Le maire soutient que les entreprises privées ne seront pas motivées à investir dans sa commune, arguant qu’actuellement, les entrepreneurs ne voient pas les possibilités de réaliser des profits à court terme. Depuis l’investiture de Javier Milei, le maire souligne que ce sont les familles qui étaient les plus vulnérables économiquement qui en souffrent le plus. Ce sont surtout les jeunes couples qui peinent à se trouver de l’emploi. 

La mairie a instauré des initiatives visant à soutenir les habitants les plus démunis de la commune. De nombreux Senguerinos participent à des projets communautaires au sein du village, consacrant deux à trois heures par jour, trois fois par semaine, en échange d’une rémunération financière. En prévision des hivers rigoureux du Chubut, la ville offre des dons de bois de chauffage et apporte une aide financière pour les factures énergétiques des plus vulnérables.

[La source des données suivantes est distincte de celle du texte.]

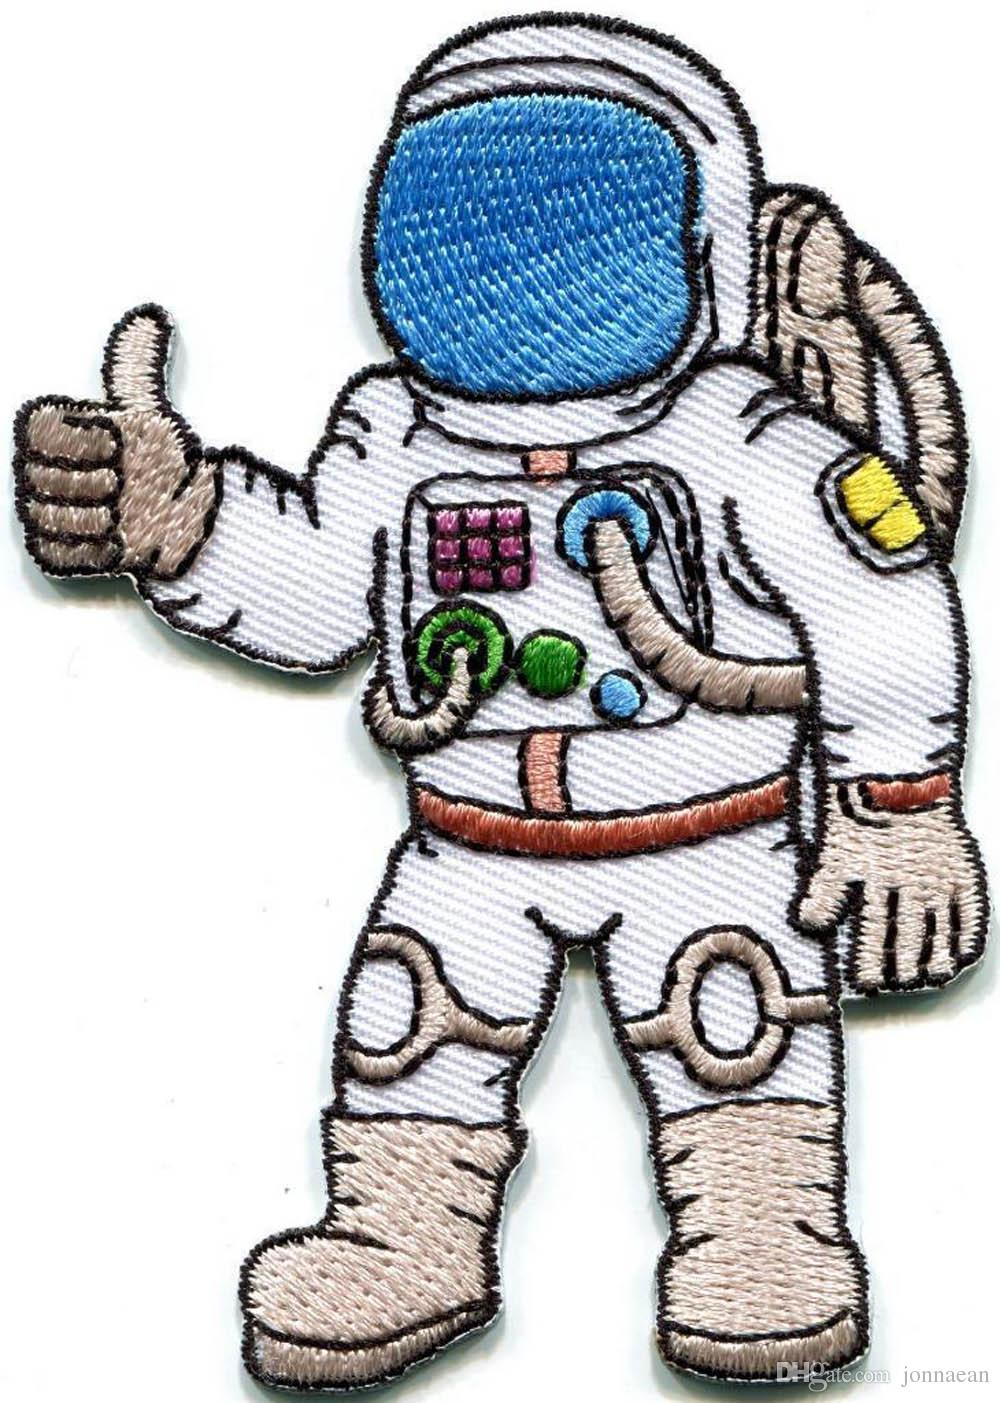 Embroidery Patterns For Sale Hot Sale Custom Embroidery Design Astronaut Cosmonaut Spaceman Retro Embroidered Applique Iron On Patch New Style Free Shipping

Malgré les défis rencontrés par ses concitoyens, Miguel Mongliardi déploie des efforts considérables pour instaurer des initiatives locales visant à atténuer les impacts de la politique nationale. Le village, aux portes du Chili, présente un potentiel d’importation et d’exportation via le port chilien de San Jorge, qui offrirait aux commerçants locaux des économies de transport significatives dans un avenir rapproché.

Un pays riche, malgré tout

Malgré les défis économiques auxquels ce pays est confronté, j’ai découvert en Argentine une beauté et une immensité que mes mots ne pourront jamais décrire. Ce pays a de tout : une histoire phénoménale, une architecture grandiose, des coutumes singulières, une mer d’eau douce, des montagnes majestueuses, des glaciers qui coupent le souffle et des pampas à perte de vue.

Bien que le quotidien des argentins soit devenu insoutenable, j’ai rencontré un peuple travaillant, humble et surtout très fier d’appartenir à cette nation. Avec humour, les argentins arrivent même parfois à rire de leur sort en disant que l’inflation fait partie de leur ADN.

Malgré les défis toujours plus grands, l’argentin aime son pays et souhaite y rester.